Rotor 6 is engaged with driving means (not shown) so that rotor 6 can be rotated at a high speed. Rotor 6 has a cup-like shape defined by inner circumferential wall 51 and bottom wall 52. The portion confronting bottom wall 52 is opened. The intervening portion between walls 51 and 52 has the maximum inner diameter and forms fiber gathering surface 8. Rotor 6 is attached in such a manner that the opened portion of rotor 6 is substantially closed by projecting boss 53, which is a part of spinning body 2. Spinning chamber 54 is defined by boss 53, inner circumferential wall 51, and bottom wall 52.

Fiber transporting channel 7 is formed between combing roller 5 and spinning chamber 54 to pierce through spinning body 2. Fiber transporting channel 7 is opened on boss 53 to form outlet 16.

Separator 9, having a face inclined along the extension of channel 7, is secured to boss 53. Yarn guide hole 9a is formed at the center of separator 9.

Sliver 1 is guided to combing roller 5 while being regulated between feed roller 3 and presser 4. It is then introduced into fiber transporting channel 7 while being separated and opened and is fed into spinning chamber 54 from outlet 16 carried on an air stream. Fibers transported in rotor 6 are accumulated in the form of a ribbon on gathering surface 8 of rotor 6 and are twisted. The resulting yarn is taken out from yarn guide hole 9a formed at the center of separator 9 and is wound on a bobbin (not shown).

As described hereinbefore, in the conventional rotor type open-end spinning unit, fibers are often wound on separator 9, causing operational trouble. Accordingly, the present inventors conducted to clarify the cause of this undesirable phenomenon.

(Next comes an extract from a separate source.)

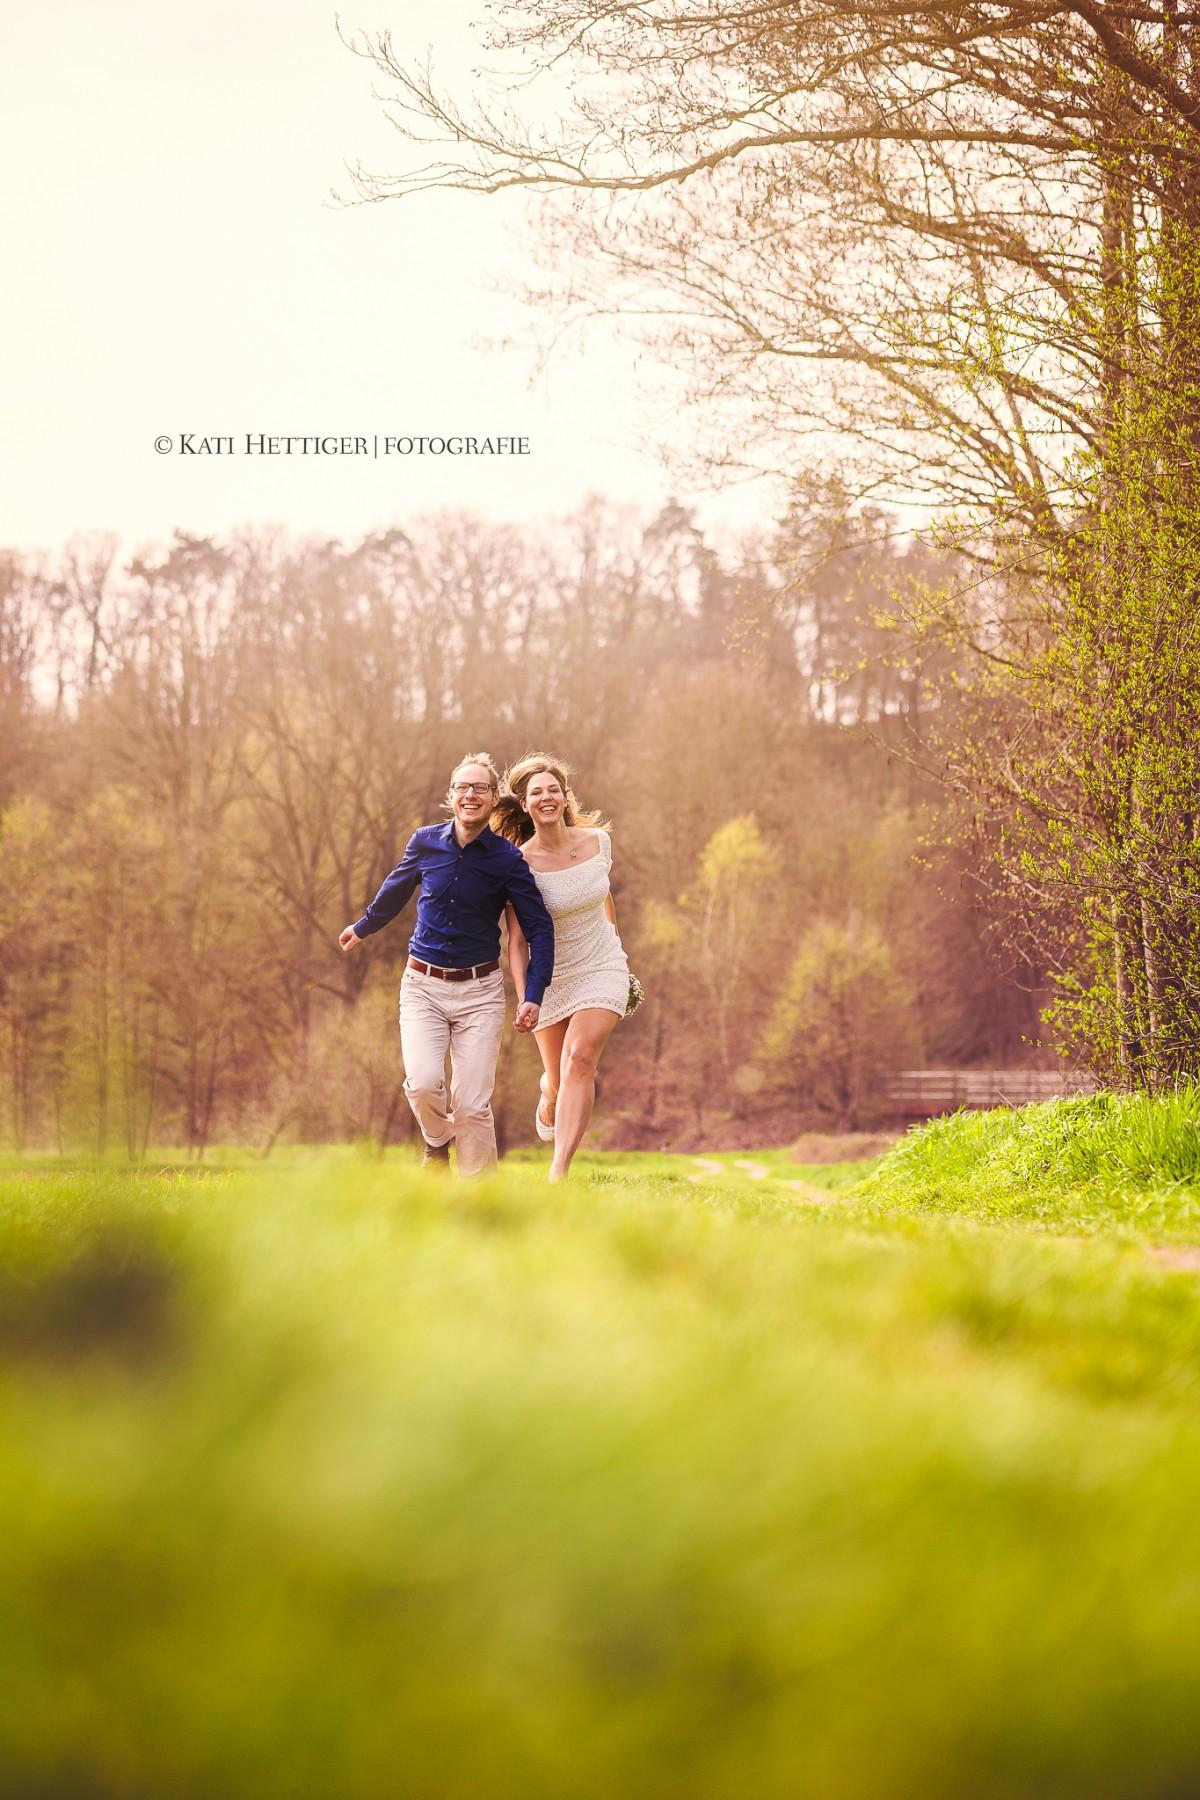 Verlobungs-Shooting Engagement- Shooting Marktheidenfeld Paar-Fotoshooting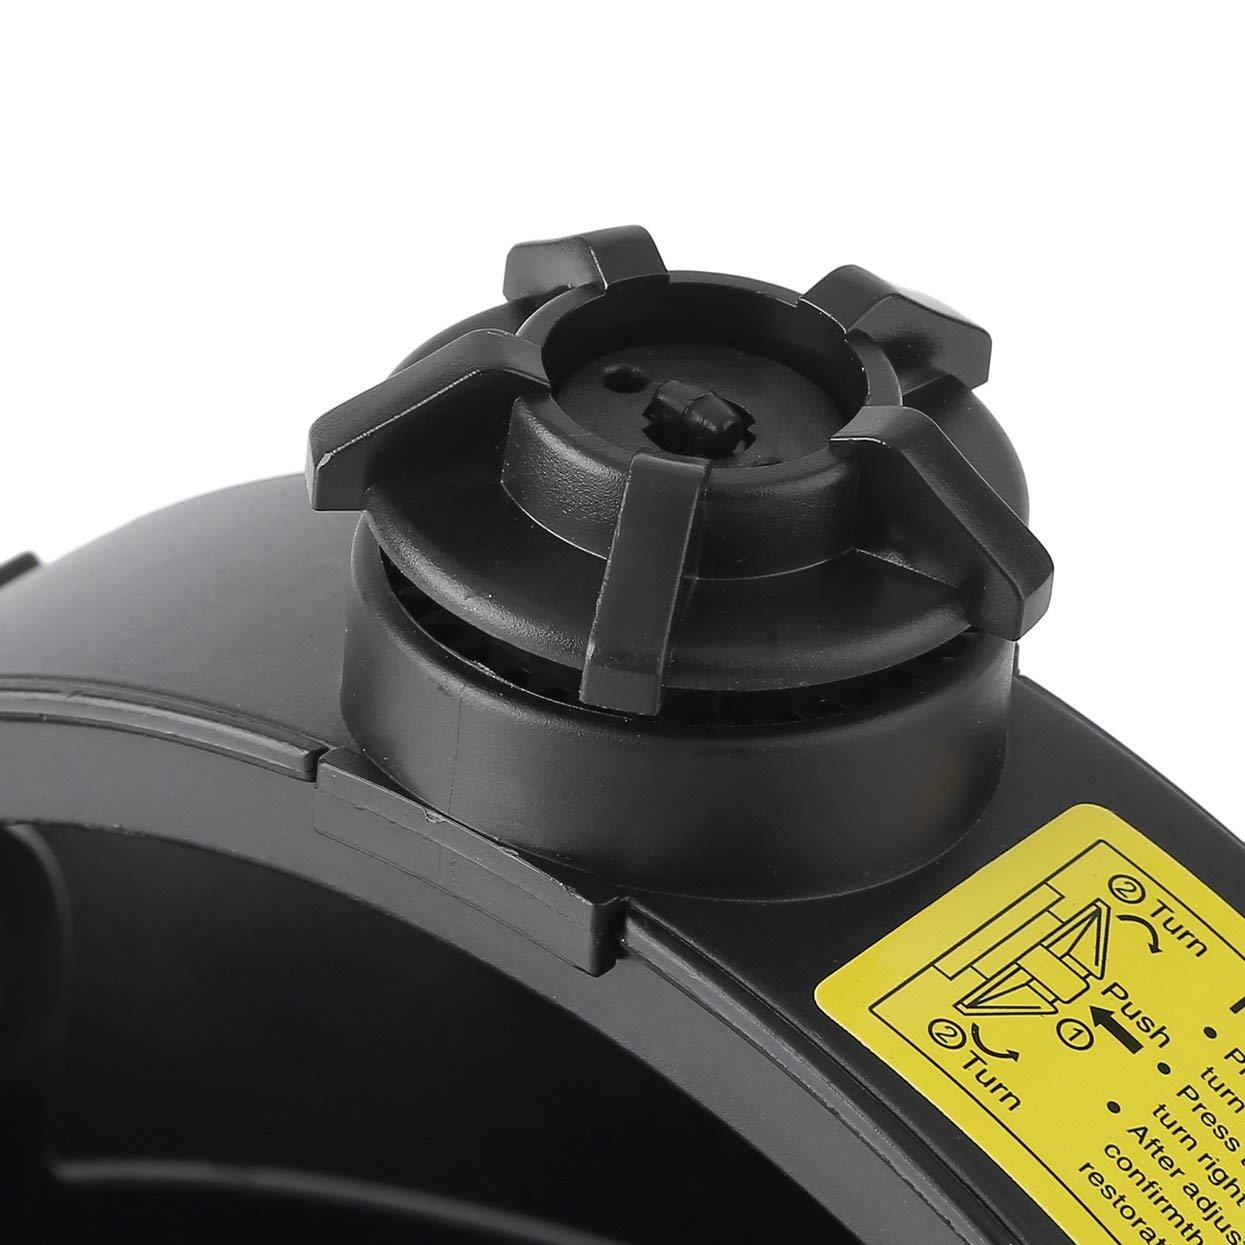 Tellaboull for Oscuratore Automatico Solare Oscurante Regolabile TIG Mig MMA Maschera per Saldatura elettrica Casco a saldare Flaming Skull Design

The present invention replaced the rear portion of the fiber transporting channel behind combing roller 5 by fiber transporting channel forming member 10 independent from spinning body 2, as shown in FIG. 2. They examined air streams in rotor 6, especially in the vicinity of separator 9. As shown in FIGS. 3 and 4, fiber transporting channel forming member 10 which forms boss 53 in FIG. 1 comprises body portion 13 shaped to cover a part of the side face and the circumferential face of combing roller 5, respectively, with side wall 11 and top wall 12 thereof and comprises disc-like holding portion 14 integrally securecd to body portion 13. Hole 15 for insertion of separator 9 is formed at the center of separator holding portion 14. As shown in FIG. 6, the top face of separator holding portion 14 is dented at the center. Outlet 16 of fiber transporting channel 7 formed on top wall 12 is opened to separator holding portion 14. Fiber transporting channel forming member 10 is dismountably attached to spinning body 2 through spring 17 arranged on one end of side wall 11.

As the method for checking the state of an air stream, there was adopted a method (visualization method) in which a paint formed by dissolving titanium oxide in an oil is coated on the inner wall of channel 7, the lower face of separator 9, or the top face of separator holding portion 14; idle running is carried out without feeding a sliver, and the state of the air stream is judged based on adhesion or peeling of the paint. Each experiment was carried out under the conditions of a 60,000 rpm rotational speed of rotor 6 and an 8,000 rpm rotational speed of combing roller 5. In FIG. 7, the results of the test where the paint was coated only on fiber transporting channel 7 are shown. The paint-adhering portion of the top face of the separator holding portion 14 is shown with hatched lines in FIG. 7. In FIGS. 8 and 9, there are shown the results of the tests where the top face of separator holding portion 14 and the back face of separator 9 were coated with the paint. The paint-peeled portions are shown with hatched lines in FIGS. 8 and 9.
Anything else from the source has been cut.